A peer-reviewed publication written by Eve Cuny, MS and Fiona M. Collins, BDS, MBA, MA
The overall goal of this article is to provide the reader with information on instrument processing requirements and the methods for instrument processing. Upon completion of this course, the reader will be able to do the following:
1. List and describe the CDC guidelines for instrument processing in the dental office setting
2. List and describe the flow of instrument processing, as well as the considerations involved
3. List and describe the types of sterilizers available for use in the dental office, the use of cassettes during instrument processing, and the considerations involved in selecting these.
4. List and describe the purpose of sterility assurance and the tests required to monitor and document sterility assurance.

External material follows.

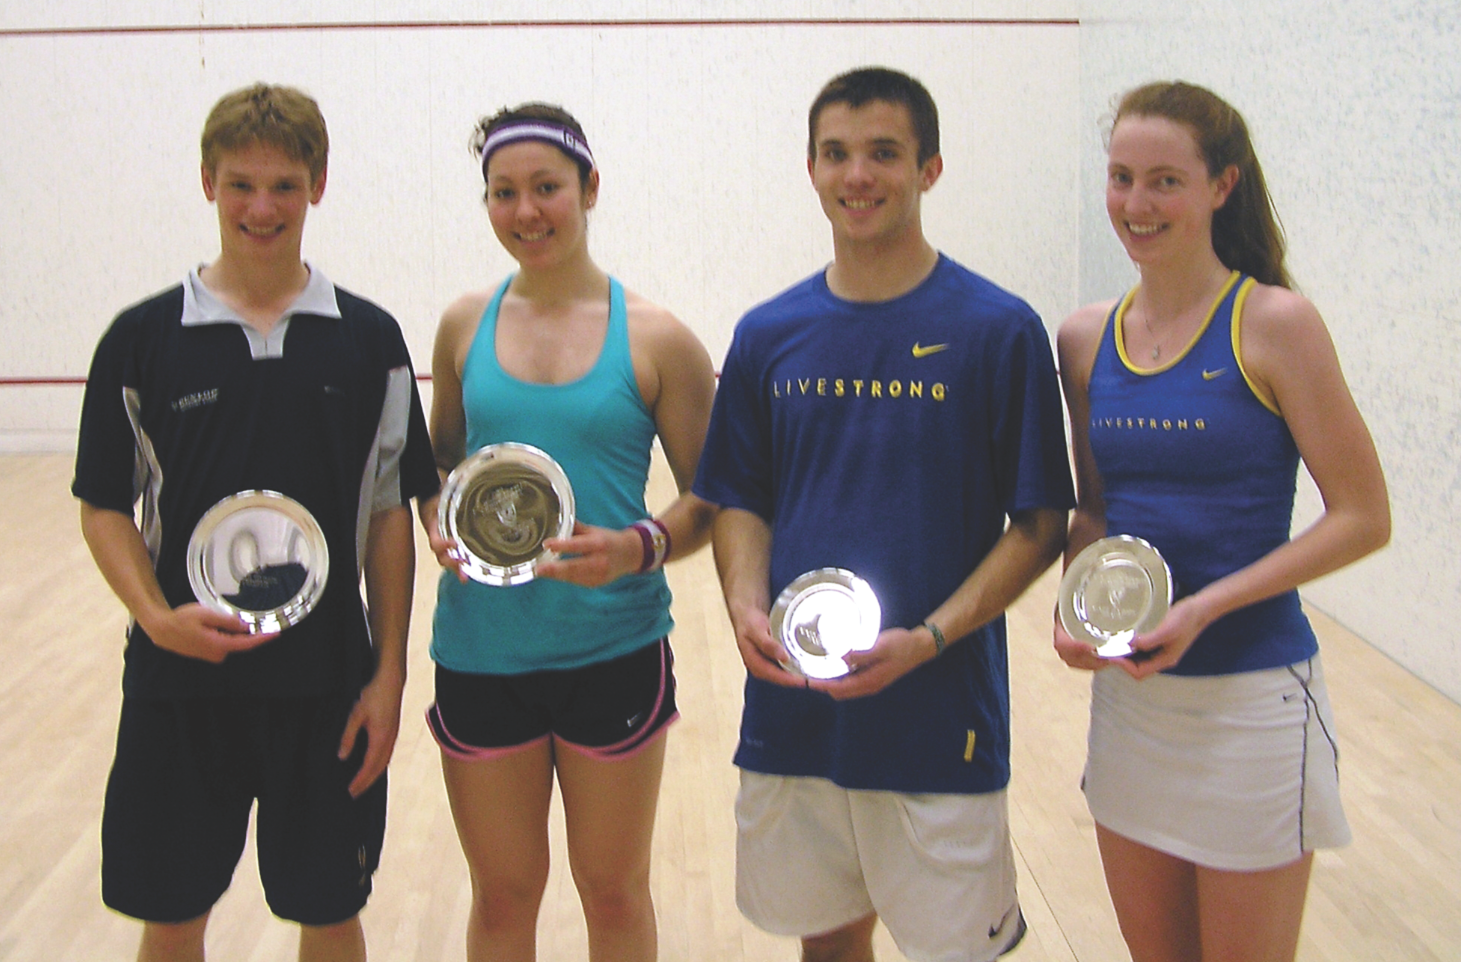 In the U19 Mixed doubles, Andrew McGuinness and Amanda Sobhy beat James Kacergis and Alexandra Sawin in a three-game final.

Government agencies regulate and make recommendations on instrument processing and occupational safety. There are a number of requirements and necessary steps involved in instrument processing, including preparation, cleaning and packaging of instruments for sterilization. The use of cassettes reduces the risk of exposure injuries for the operator, while simplifying and streamlining the process. There is a variety of instrument sterilizers for dental office settings including steam sterilizers (autoclaves), chemiclaves and dry heat sterilizers. Each has different features, advantages and disadvantages that must be considered when selecting sterilization equipment for your practice. Monitoring sterilization processes for sterility assurance requires the regular use of mechanical, chemical and biological indicators to assure that these processes and the equipment are providing effective sterilization. Sterility assurance monitoring must be documented to show compliance with regulations governing your practice.